Several people underscored the influence of his mother, who died of cancer in 2019.
“Just understanding where I’m coming from, Section 8, not really having nothing and being able to be in DC and see how that environment is constantly playing out across the city,” he said.
An additional part of his motivation for connecting with DC, according to Wall, was knowing his family’s roots. His father, John Sr., grew up in the area. Wall Sr. spent much of his life in prison and died of liver cancer at the age of 9.
“He didn’t have to do that,” Beckford said. “Boys often say, ‘We owe this to our community.’ In theory they do. But in reality you have to have a heart and I think John has a heart to put back.”
Wall became friends with Miyah Telemaque-Nelson after learning of the 6-year-old’s lymphoma diagnosis. He wrote her name on his shoes, took to social media to advocate meeting Nicki Minaj, and spoke at her funeral in 2014.
Through a city program that matches professional athletes with elementary schools for a year, Wall “adopted” Ketcham Elementary in southeast DC in 2020 — and then stayed for two years. Maisha Riddlesprigger, Headmaster at Ketcham for eight years, said Wall exceeded the school’s expectations by sponsoring school-wide Christmas gifts, a movie night, the rental of a TopGolf for teachers and staff and attending a virtual staff meeting.
“Everybody freaks out because it’s John Wall,” she said.
What will last most was his help in creating a scholarship fund for Ketcham’s 2020 fifth class, said Riddlesprigger, who now leads the Elite Overtime Academics. Wall pledged $5,000 to each student in the class who graduates from high school while meeting GPA criteria, according to a spokesman for his foundation.

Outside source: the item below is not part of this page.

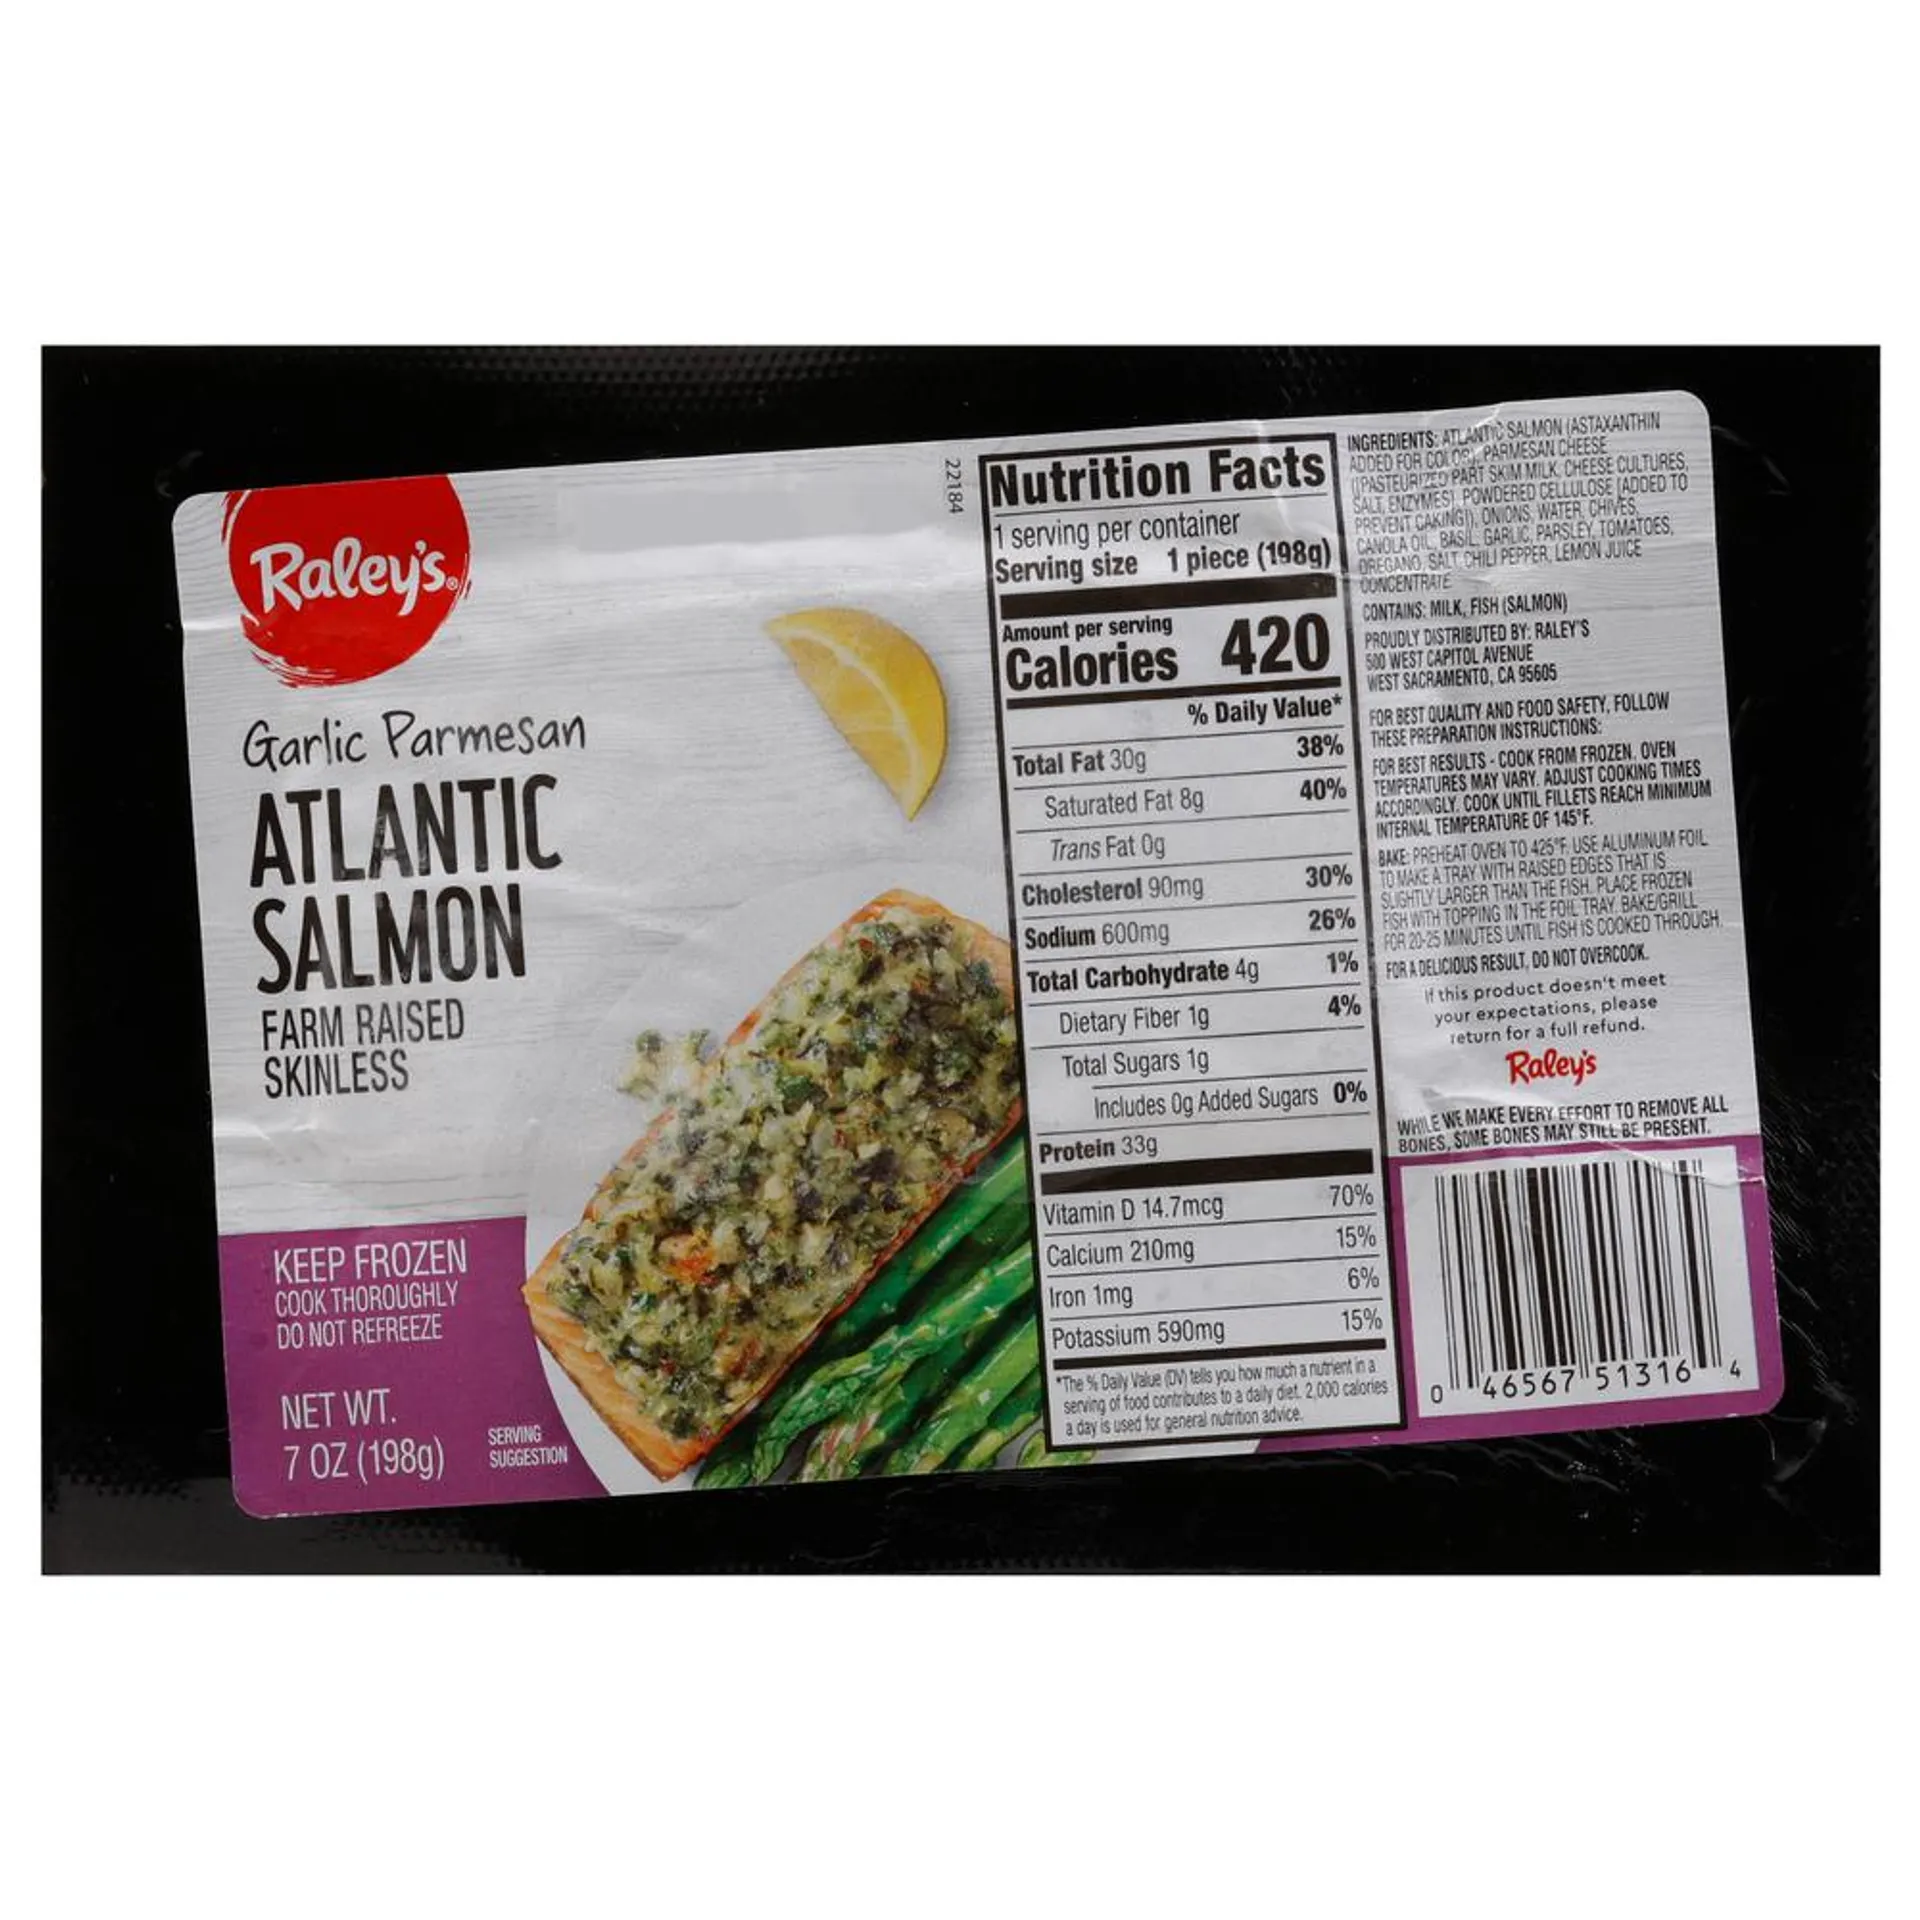 Raley's Skinless Garlic Parmesan Atlantic Salmon

“You’ll never hear me say anything bad about John Wall,” Riddlesprigger said.
Wall was seven seasons into his career when his game-winning shot defeated the Celtics in the 2017 postseason, and he jumped onto a scorer’s table while flashing the “Washington” on the chest of his jersey. Amid the celebrations, he declared Washington his city.
For Williams, the founder of Building Hope, this was no idle talk. For this reason, more than five years later, she plans to appear in the same arena on Saturday with 27 children of her organization in tow. They will be seated in a lower pool area alongside other children that Wall has obtained tickets for. He expects more than 100 participants.
“They’re going to scream when they see John Wall back in that arena,” Williams said. “You love John Wall. I will scream too.”